WORK TO COMPLETE - In the records below, the line that contains "亲，幽蓝深邃的泸沽湖，浪漫神秘的摩梭族" marks the start. Copy it and each line after it through the end, exactly, without pictures.
[AVAILABLE RECORDS — start]
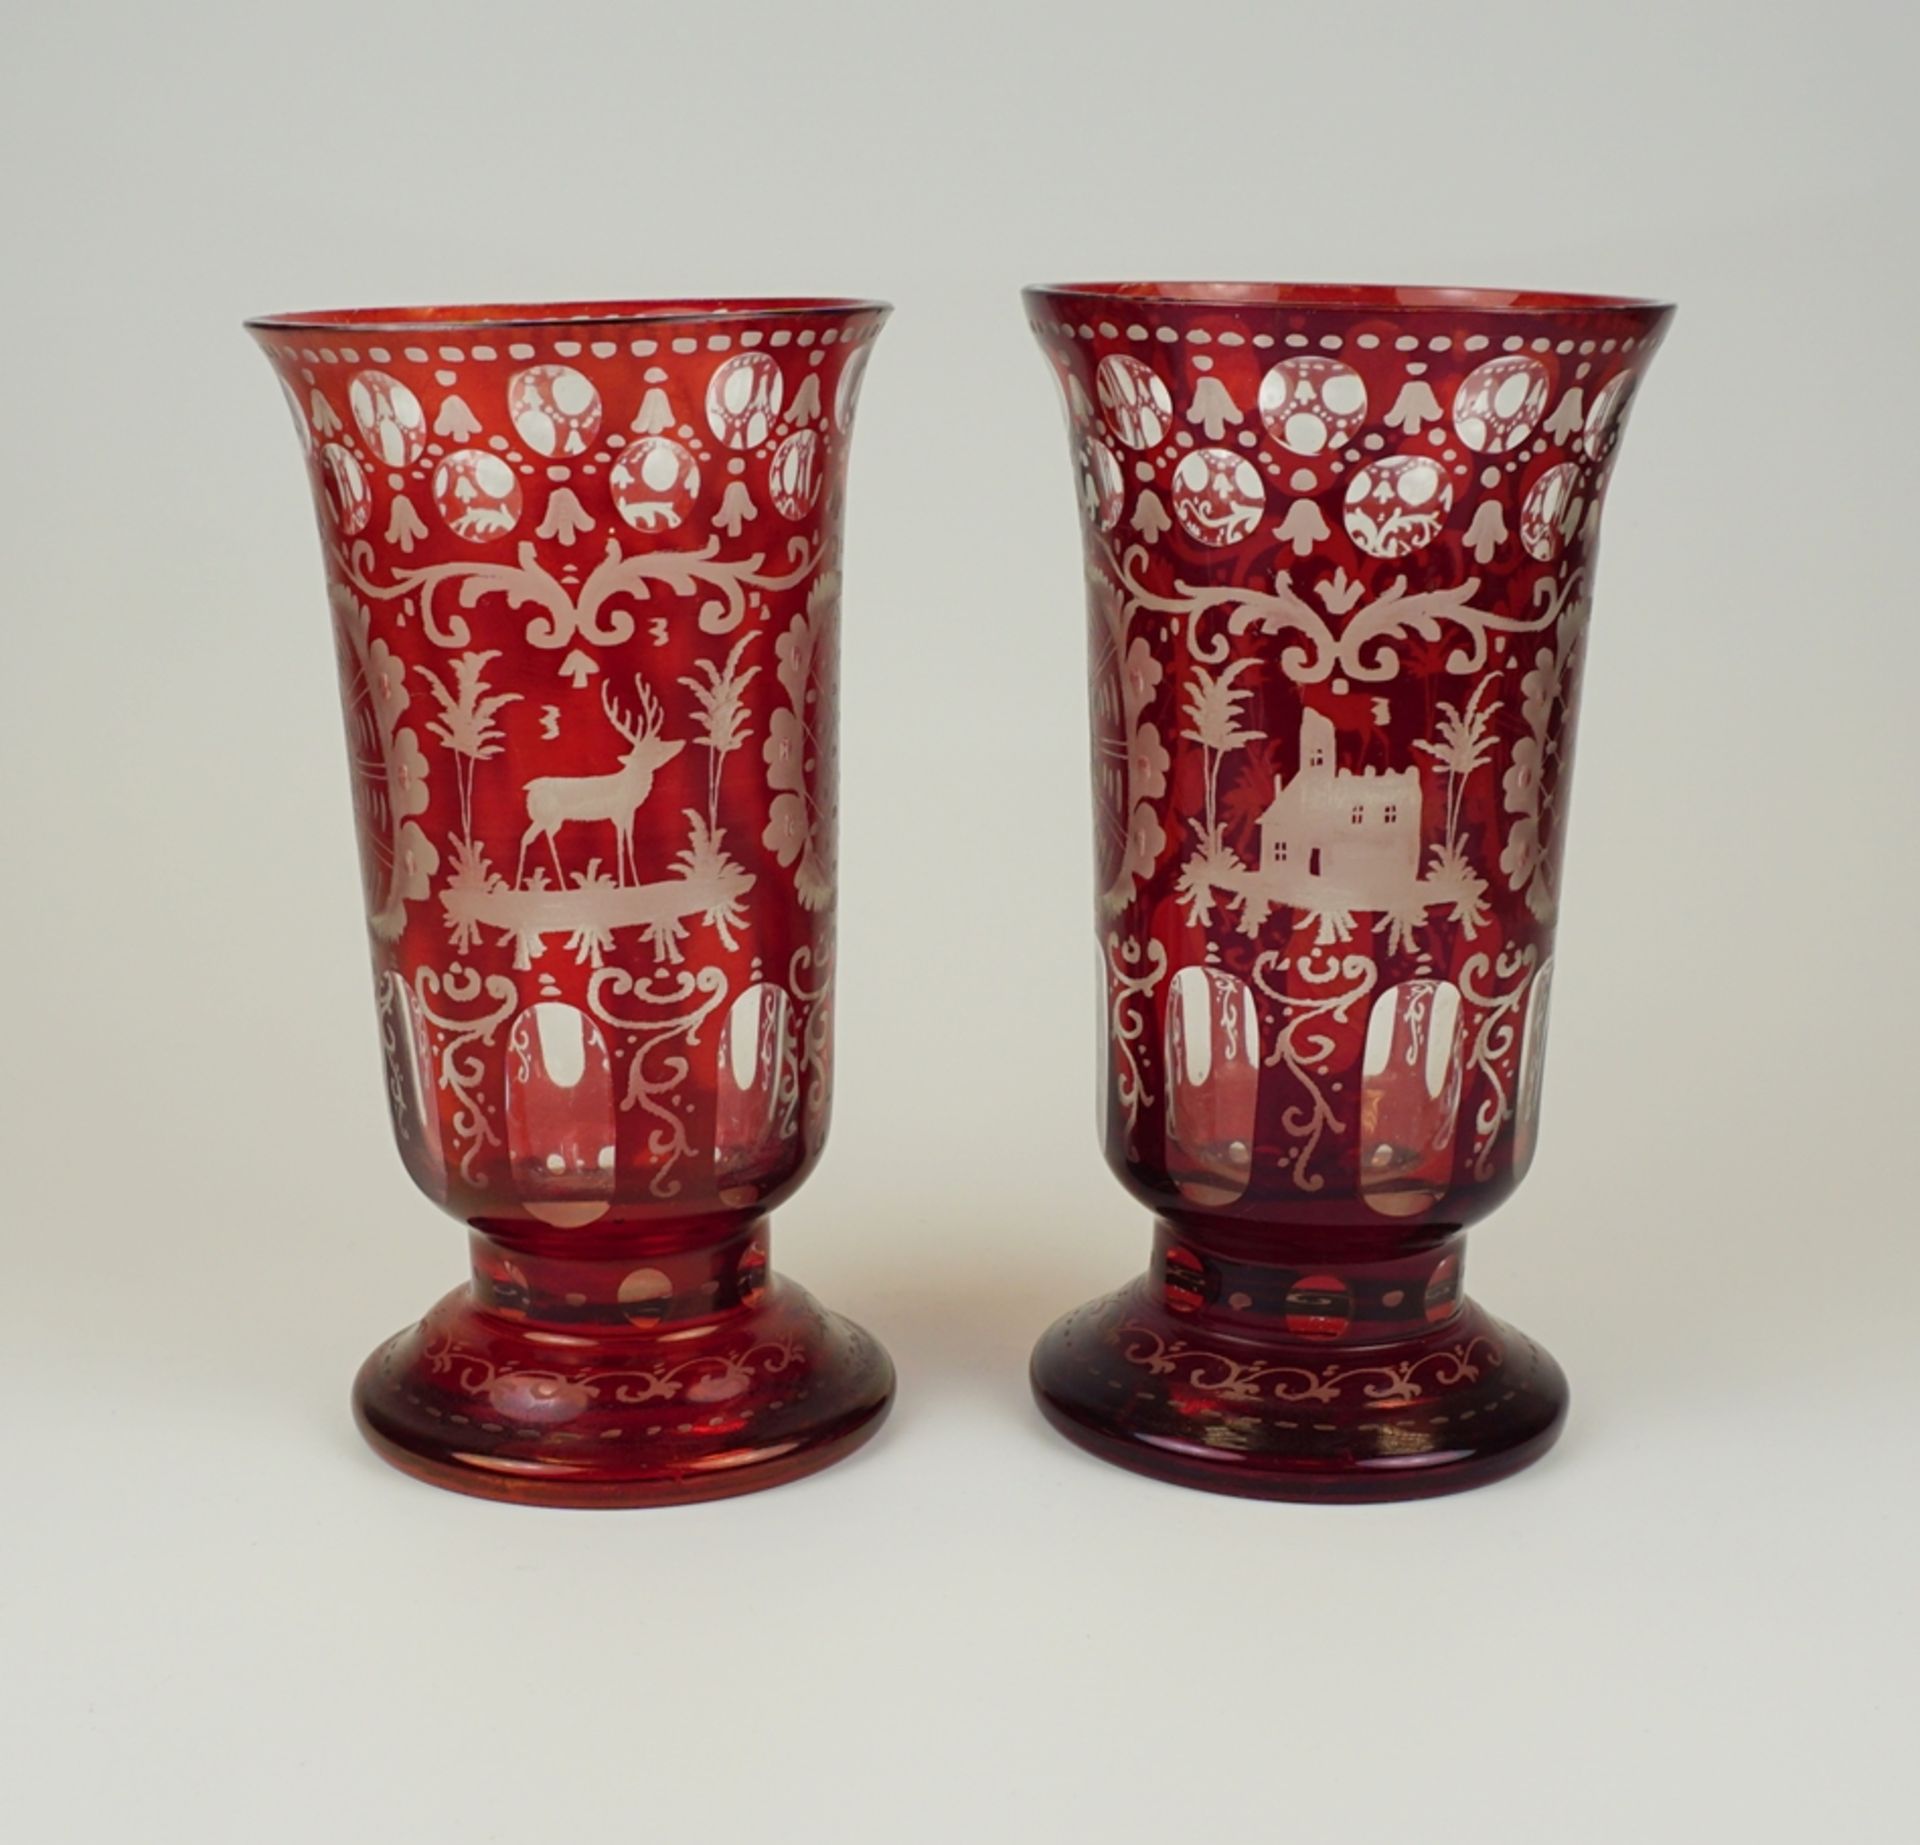 Paar Vasen, Friedrich Egermann in Haida, Böhmen, rubinrot gebeizt, um 1880 - Image 2 of 2
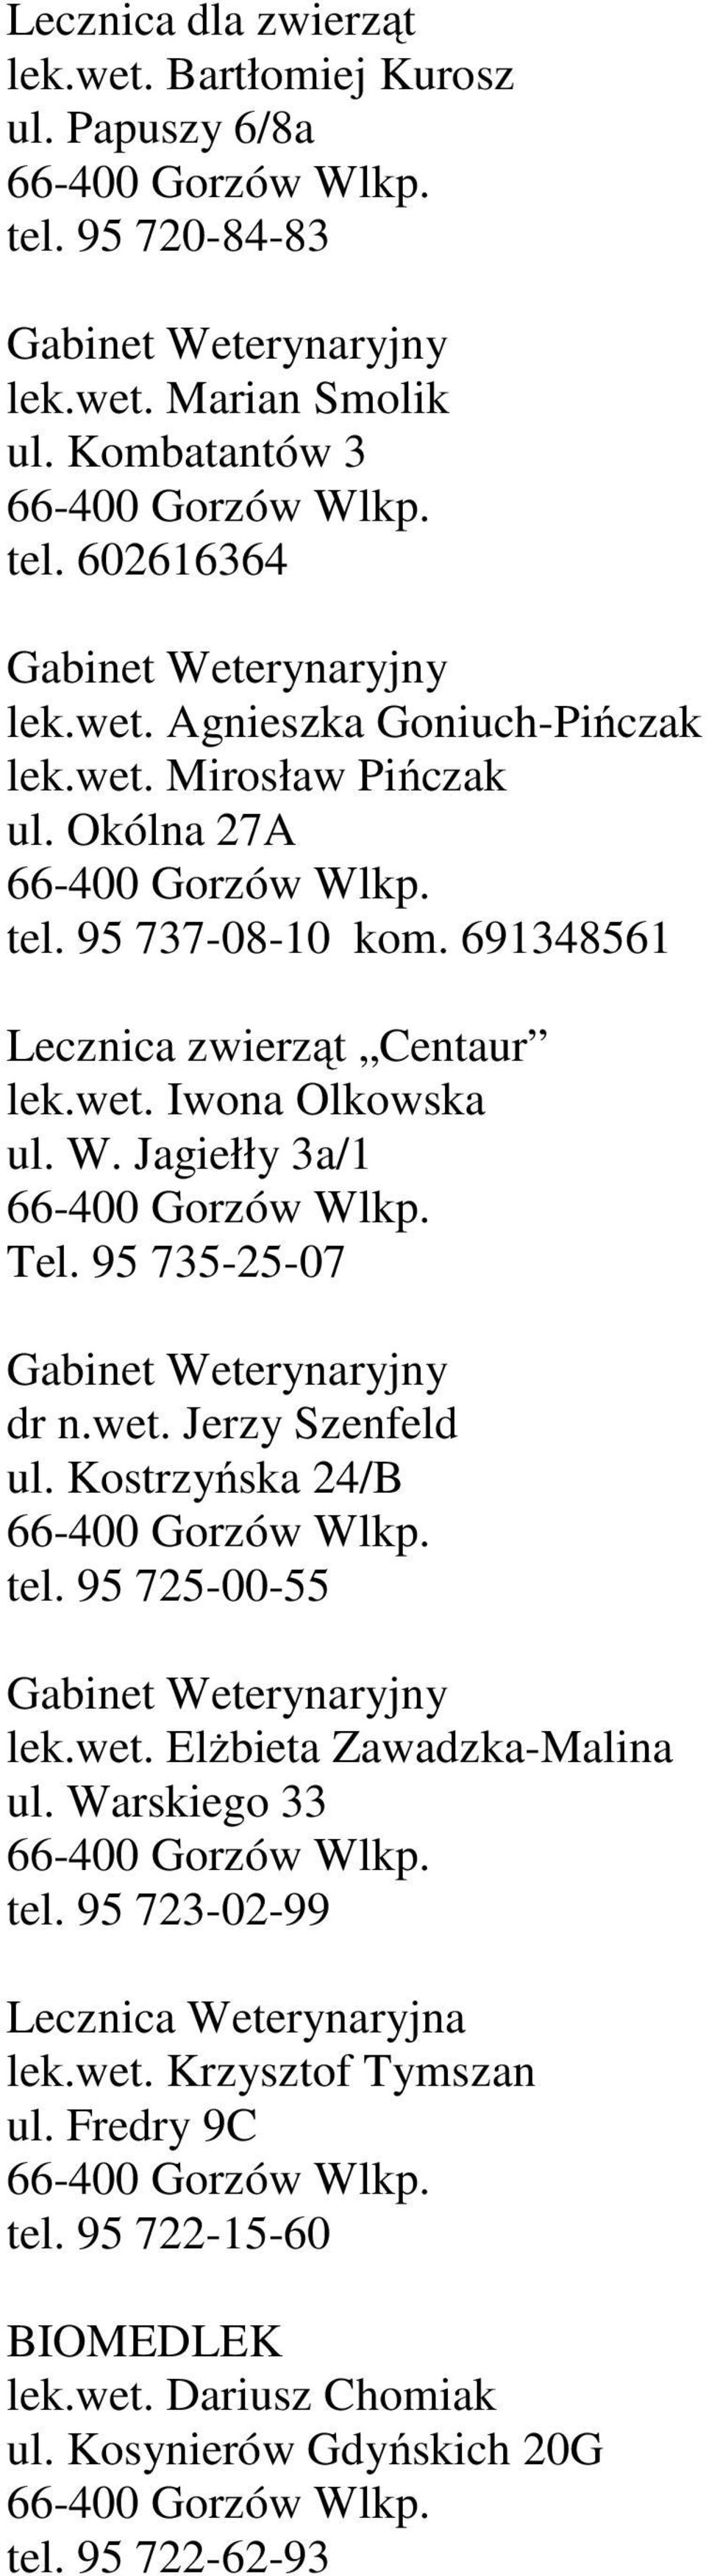 95 735-25-07 dr n.wet. Jerzy Szenfeld ul. Kostrzyńska 24/B tel. 95 725-00-55 lek.wet. Elżbieta Zawadzka-Malina ul. Warskiego 33 tel.
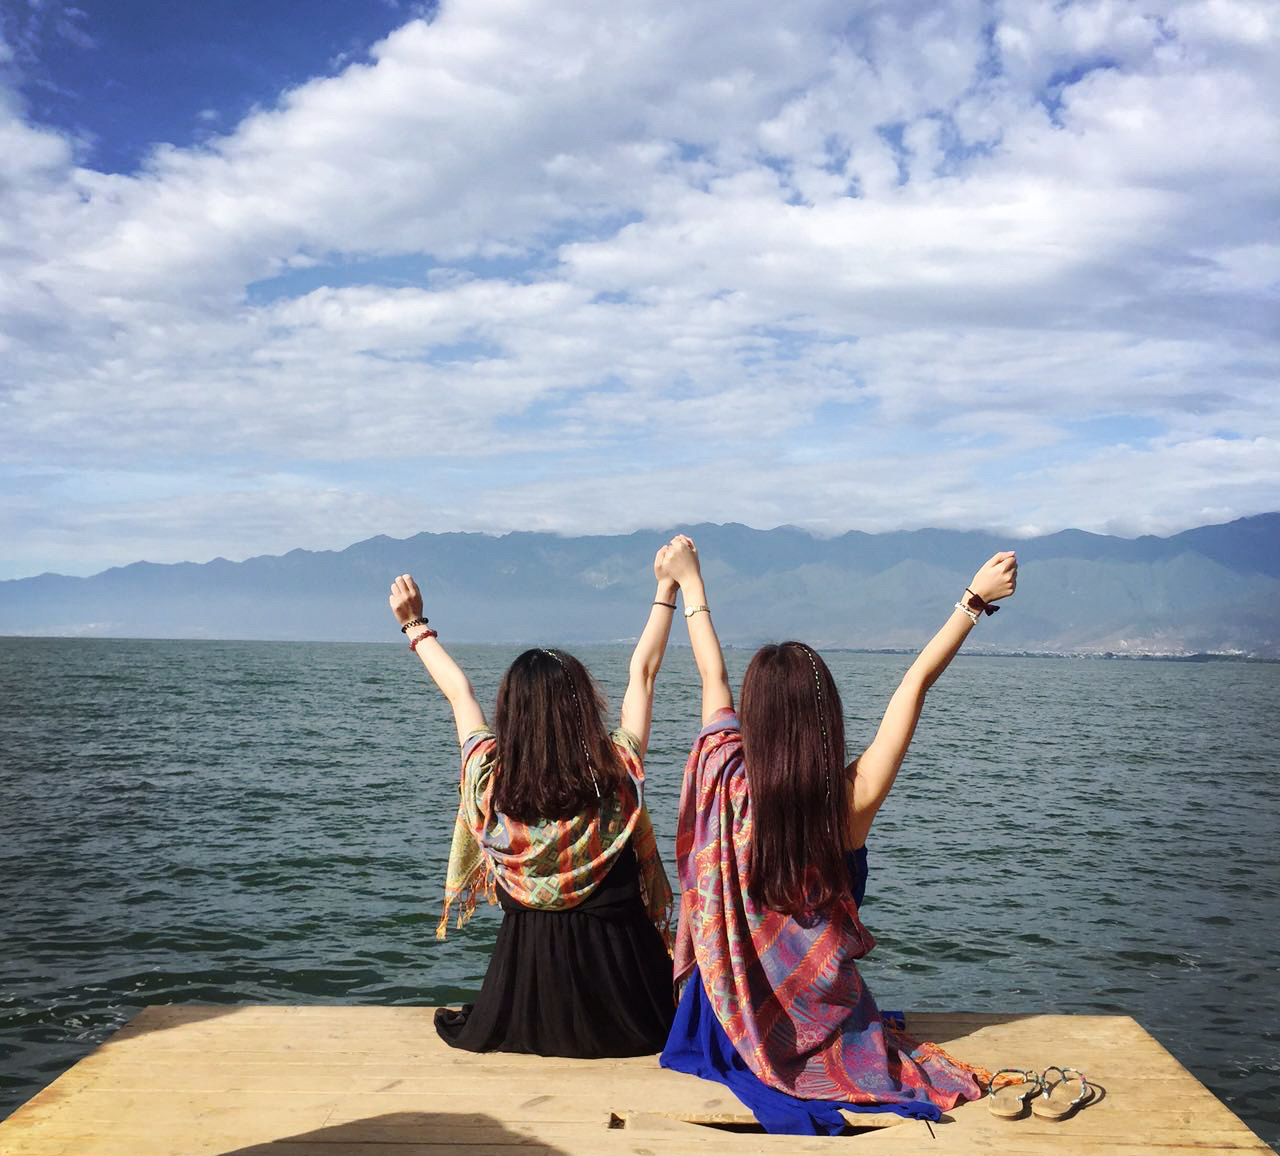 亲，幽蓝深邃的泸沽湖，浪漫神秘的摩梭族
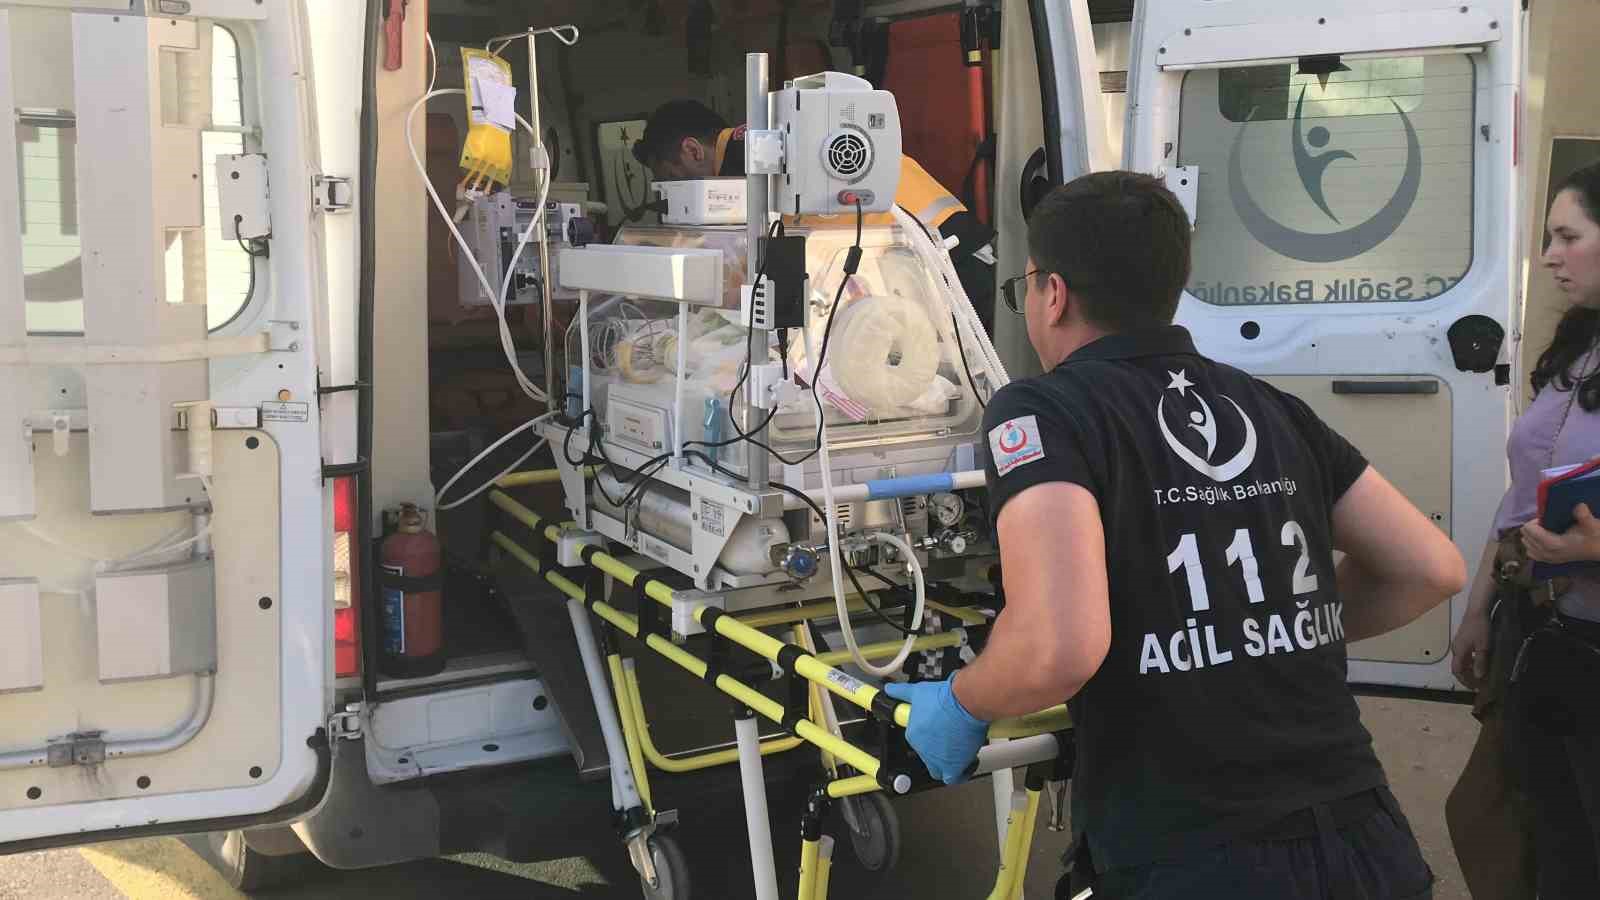 Vali Sezerden Hastanedeki Yangına İlişkin Açıklama: Büyük Oranda Kontrol Sağlanmış Durumda
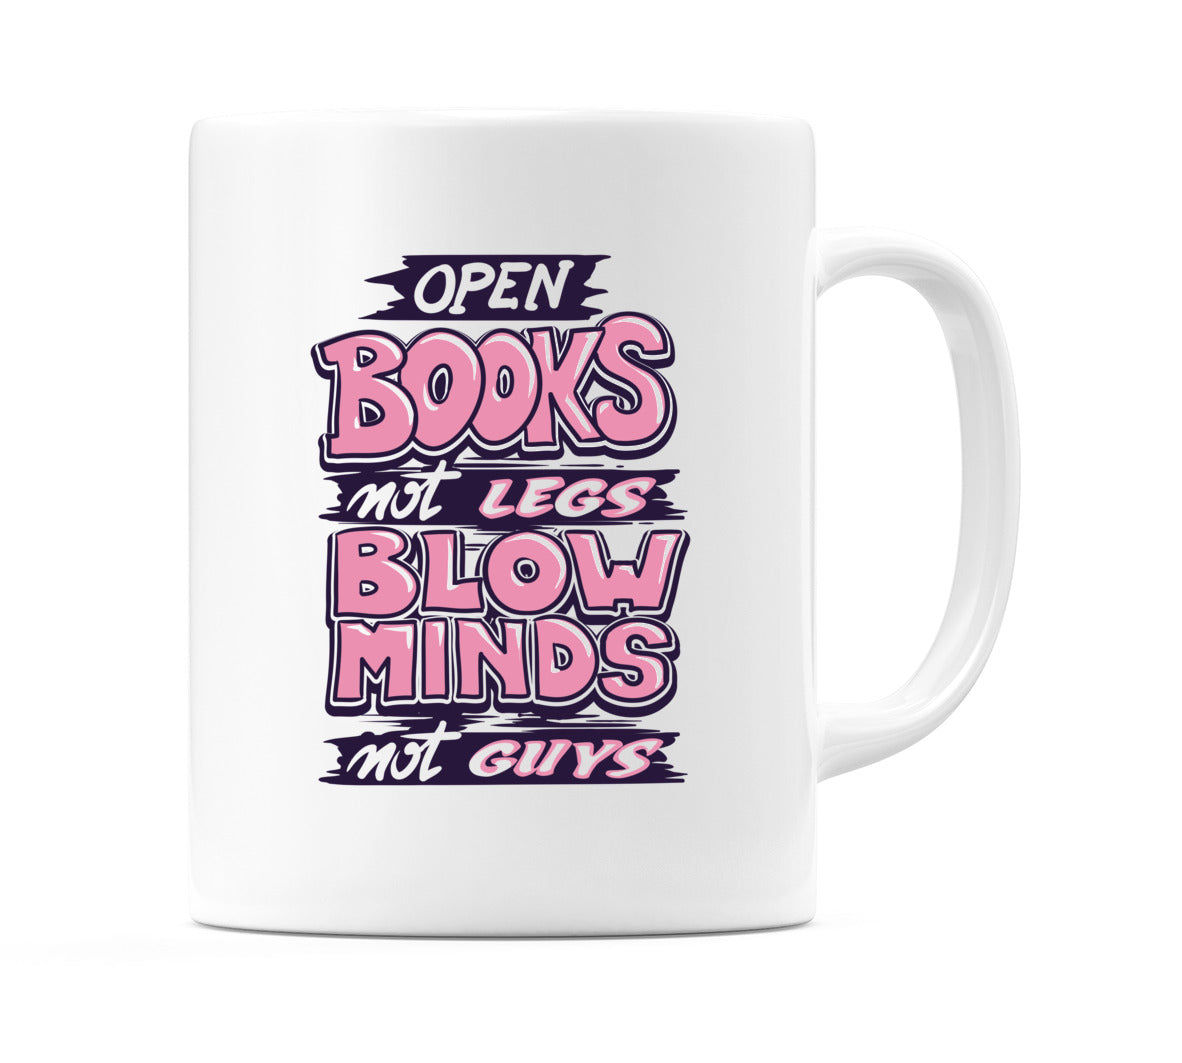 OPEN BOOKS not LEGS BLOW MINDS not GUYS Mug
[AVAILABLE RECORDS — finish]
OUTPUT FOR THIS EXERCISE -
 亲，幽蓝深邃的泸沽湖，浪漫神秘的摩梭族
 Vali Sezerden Hastanedeki Yangına İlişkin Açıklama: Büyük Oranda Kontrol Sağlanmış Durumda
 OPEN BOOKS not LEGS BLOW MINDS not GUYS Mug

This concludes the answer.